Figure out how to marry those lived experiences with some skill that you have. Those skills don’t have to be academic or what you’d learn in school. They won’t even necessarily be skills that people think of as skills. If you’re someone who is an artist or if you worked in a warehouse moving boxes, or if you work as a professor or a student- whatever it is you wind up doing, you pick up abilities in how you spend your time, even if it’s just being really good at social media for example. You could also be a good orator. The key is to connect your lived experience with what you’re able to share with the world in terms of your abilities.

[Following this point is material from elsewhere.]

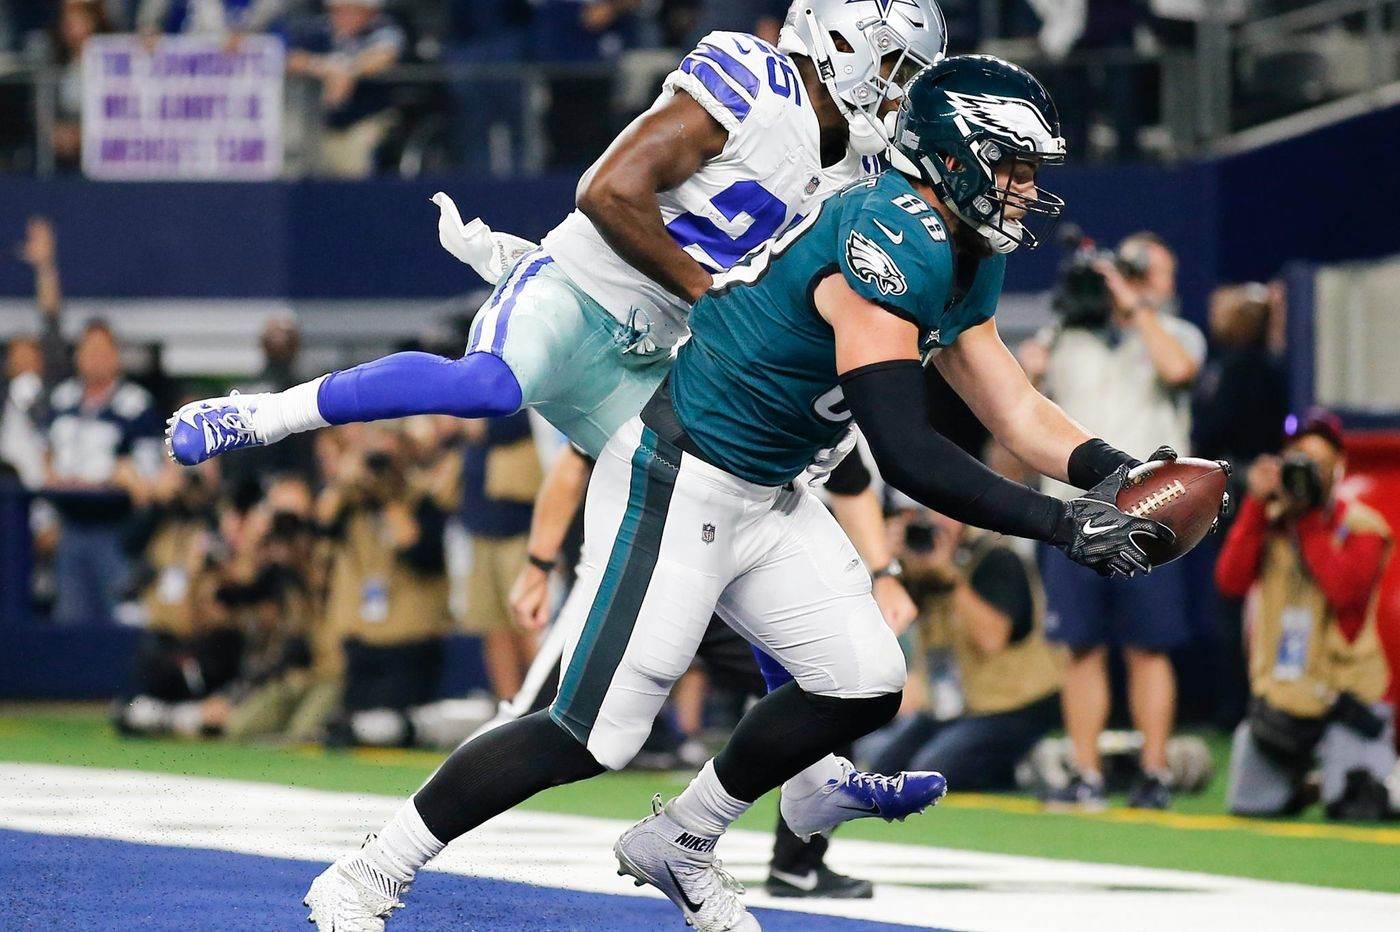 Cowboys Lassoing NFC East Title as NFC Dark Horse

If you’re a welder or a carpenter and you take your lived experiences and combine those things, you could become a fantastic mentor and advocate for unions, and create space for young people and underrepresented communities to play a role in labor in organizing. We look at people in the trades and often don’t think of them as political actors, but they actually have an incredible influence by combining their insights on how people experience the world with the skills they have to open up new doors for people who might not have those doors opened otherwise.
The place we want to get to is that we’ve woven in the experiences of a diverse range of people in our society into the way our society functions, without leaving lived experiences on the margin where people don’t have a choice about being invited in or not. We want to get to a point where we make a choice and talk about life but it’s actually just baked into life itself.
What was your favorite part of writing the book and the process of putting it all together?
My favorite part was probably going to Belgium and doing the research on the ground there because the other parts of the book are so personal and weren’t the easiest to write. I really liked going to Belgium for the research though because I felt like there was a chance to take my personal insights and research, applying it to a place I’ve had little knowledge or experience, focusing on the similarities between people who might perceive themselves or be viewed by others as very different from each other.
I’m a big believer in trying to tell stories in a way that encourage empathy and action, so that you’ll want to see how relatable someone’s life is to your own, but what action could you take to make society better for yourself but also others at the same time. Belgium was where I got to think of these experiences and issues outside of myself. We sometimes want to believe that we and our issues are so unique that it’s hard for other people to understand us.
We do have problems in Brampton, Toronto, Canada, the United States and North America. But that doesn’t mean it’s so hard for other people to understand those problems, nor is it so hard for us to understand problems that people on the other side of the Atlantic might have. That part of the book pushes me to think differently and I hope that it does the same for others.